Count Graziana among them. For the last several years, she has been slowly adding properties in the Hamptons and in upstate New York to her small but exquisite real estate portfolio of houses she buys and renovates. It began as an experiment, in 2016, with a cottage on a leafy street, south of Montauk Highway, in Amagansett. By all accounts, the place was destined for the wrecking ball. Low ceilings, wall-to-wall carpet, small, inefficient windows, and a warren of close, dark rooms made the house feel claustrophobic. The amount of structural work to be done was daunting, to say nothing of the cost of land in that choice location. But Graziani, who has an M.S. in real estate development and architecture from Columbia University and is an MBA candidate at NYU Stern, had a pretty good sense as to what she was in for. More to the point, she saw the property as a strategic purchase with strong potential that would serve as a design lab and eventually generate rental income. She made an offer.
The renovation took a year, during which time she raised the ceiling, a move that both gave the place height and airiness and style, as it revealed the contours of the pitched rooflines. To highlight that feature, she installed on the ceiling of most rooms white bead board overlaid with decorative timber beams which in turn play off the new wide plank oak floors. Her other inspired idea was to replace small windows with runs of French doors. She also transformed a high-ceilinged garage into a wood-paneled sitting room with a lodge-like feel thanks to the discovery of structural ceiling beams which she exposed and clad in pine. Over the big stone fireplace she created a window through which light pours in year-round.
By the end of the gut renovation, she’d expanded the 2,800-square-foot structure to 3,300-square feet.

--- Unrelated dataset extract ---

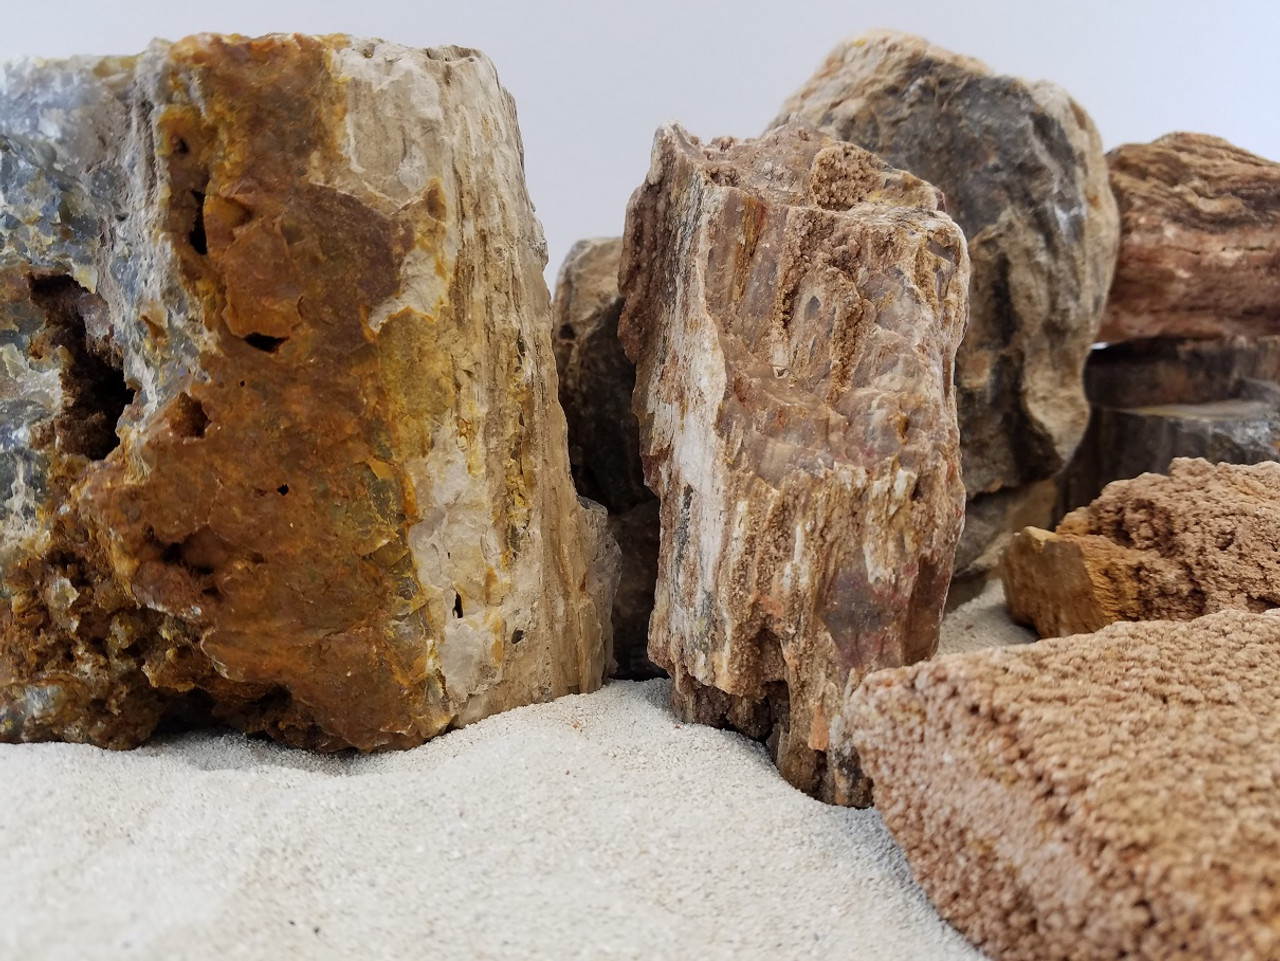 Lifegard Canyon Petrified Stone - 15 Lbs Mix Size Kit of Medium and Small Rocks

When it was time to decorate the place, she adhered to a palette of neutral beiges and sand tones and furnished it with pieces from local retailers and Restoration Hardware.
When Graziani took on the renovation, she was working in data science, writing research studies for big companies. She thought the Amagansett cottage would be a one-off project, but she enjoyed the creative process so much that she found herself eager to repeat the experience. Thus, she established Noor Property Group. To date, she has completed a second renovation in the Lazy Point neighborhood of Amagansett and has been working on the transformation of a run-down yet beautiful commercial farm in upstate New York.
While the redesign of houses is hardly an all-male profession, the building trade itself is dominated by men; any woman who deals with contractors must learn that guild’s codes. Graziani, who is thirty, is no exception. ‘As a younger woman in this field, I’ve heard a very wide range of comments and have had to contend with sexism,’ she says. ‘It doesn’t seem to matter whether you’re smiley or stern-faced, it’s always there.’ Her strategy? ‘Research. In my experience, the most successful negotiations hinge on that extra bit of information and planning.’